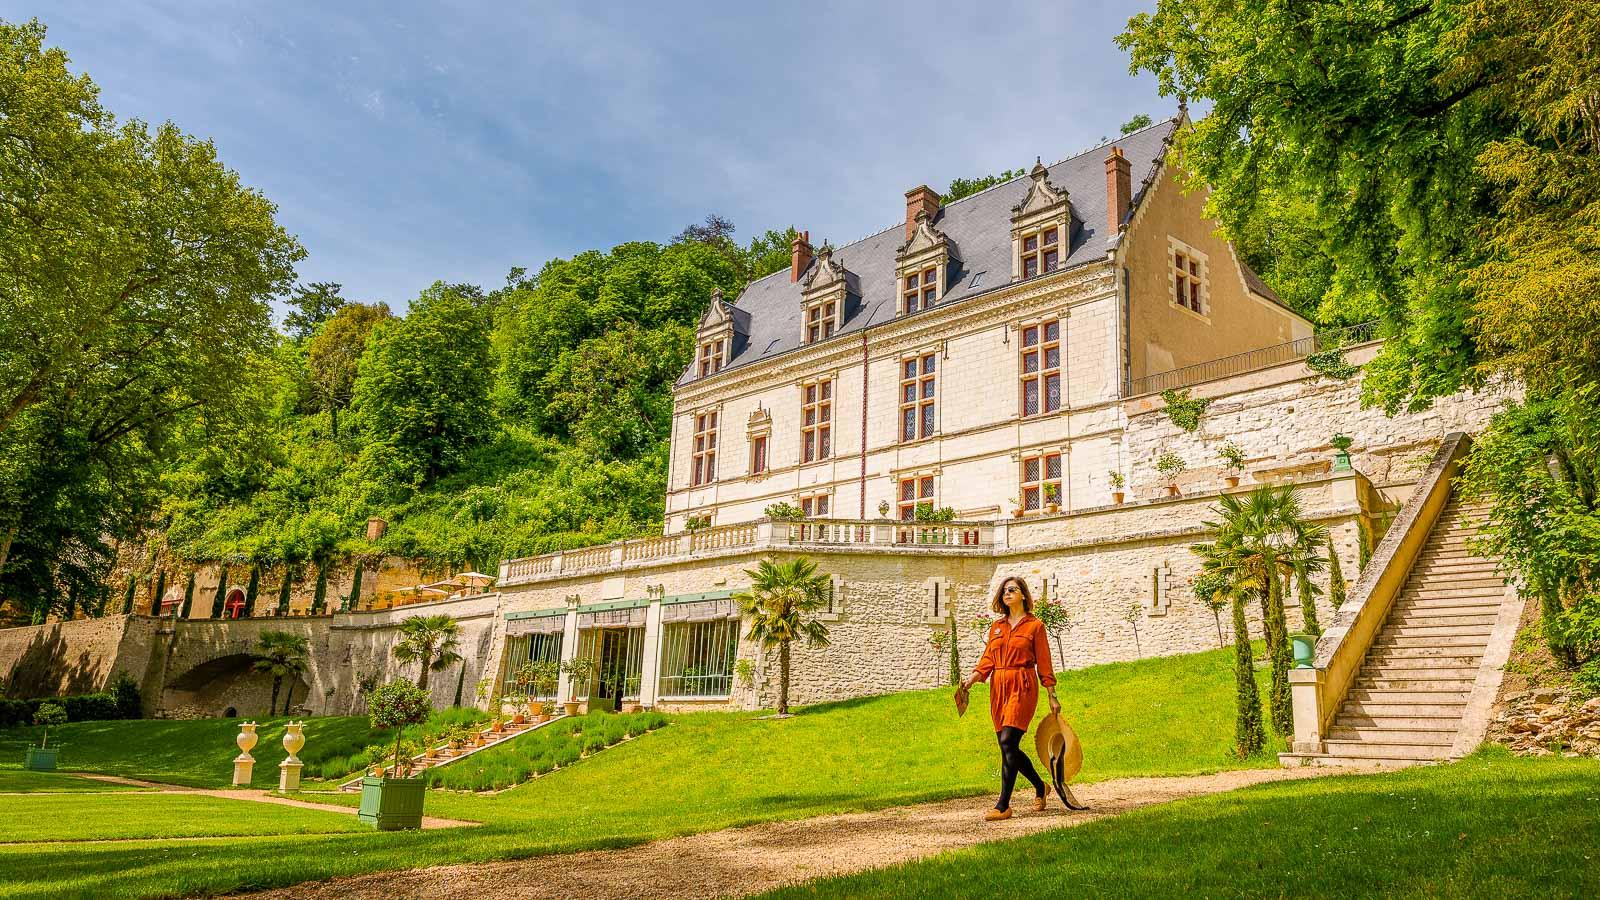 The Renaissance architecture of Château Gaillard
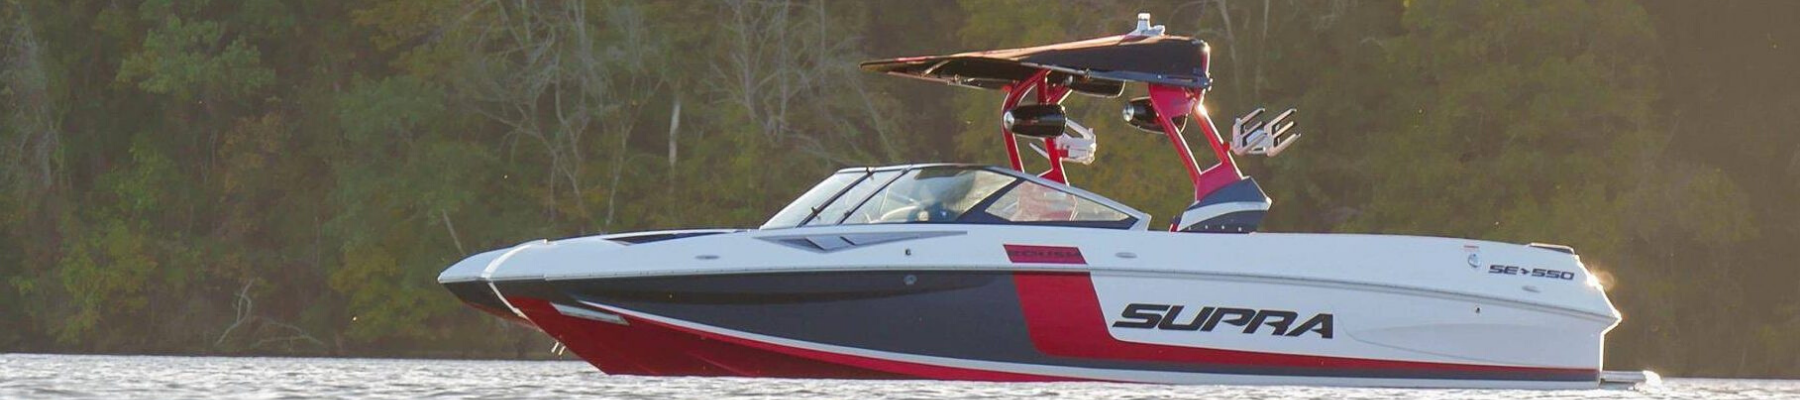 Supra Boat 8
##############################
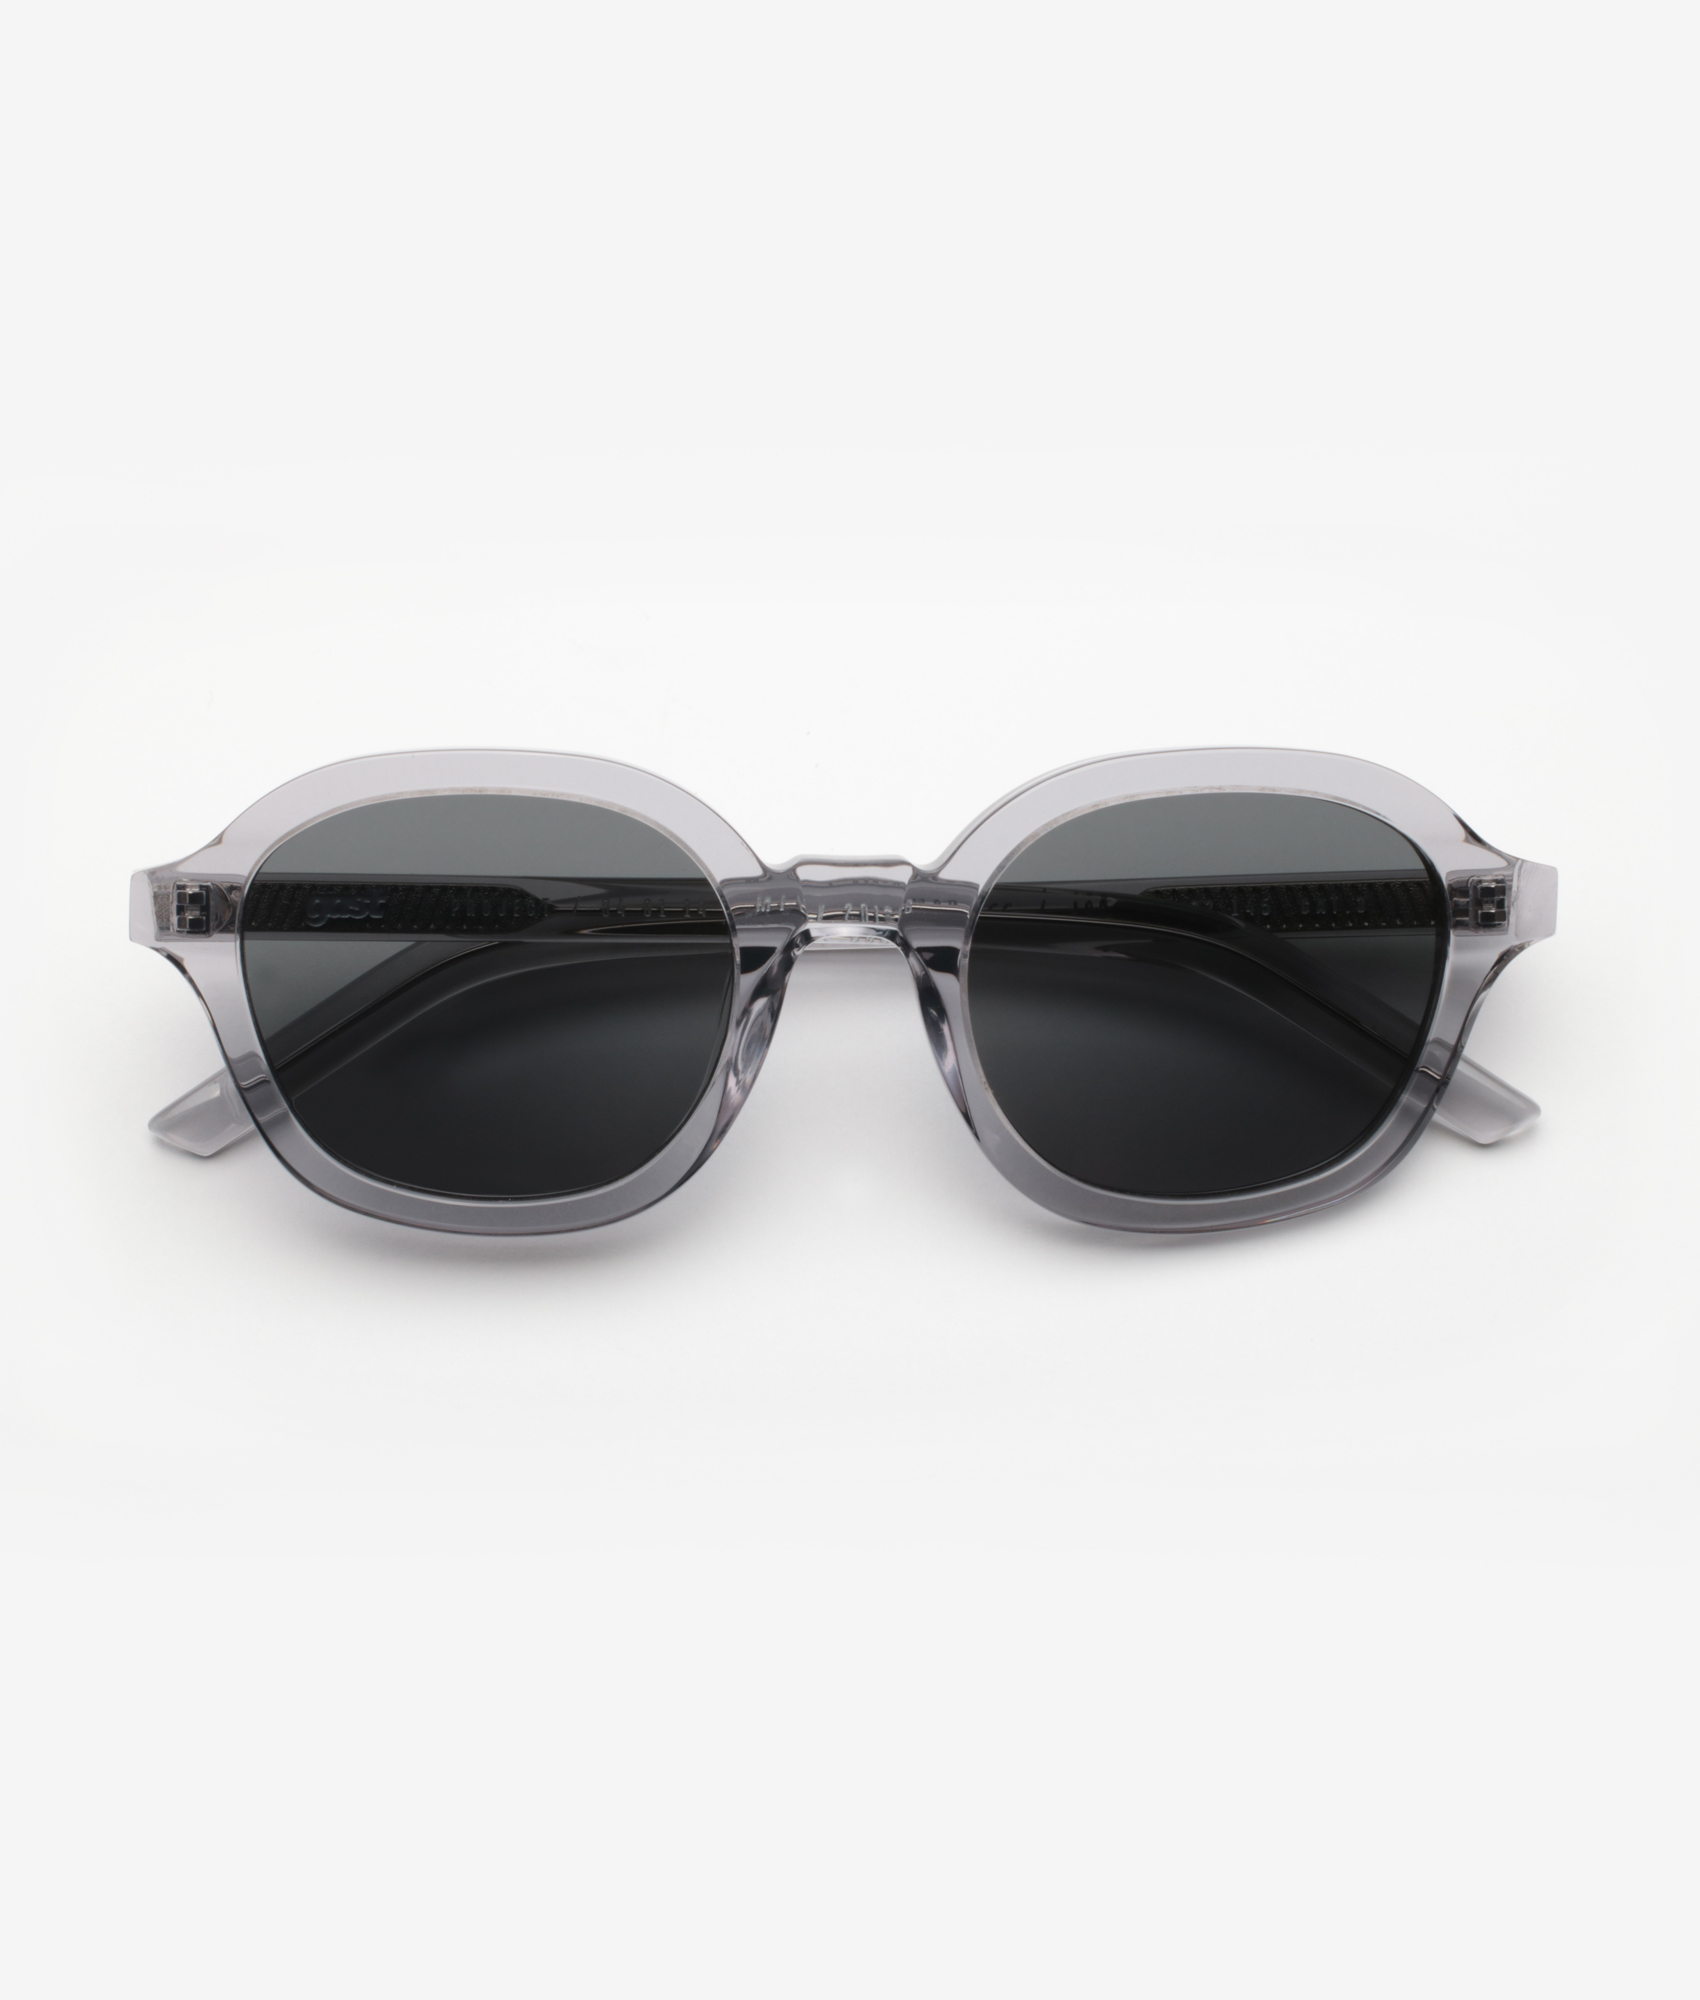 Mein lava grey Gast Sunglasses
##############################
*BRIEF:* Working from the entries above, please transcribe only the lines from the line with "The Renaissance architecture" through the line with "Supra Boat 8", exactly, with both end lines and without pictures.

*RESULT BELOW:*
 The Renaissance architecture of Château Gaillard
 Supra Boat 8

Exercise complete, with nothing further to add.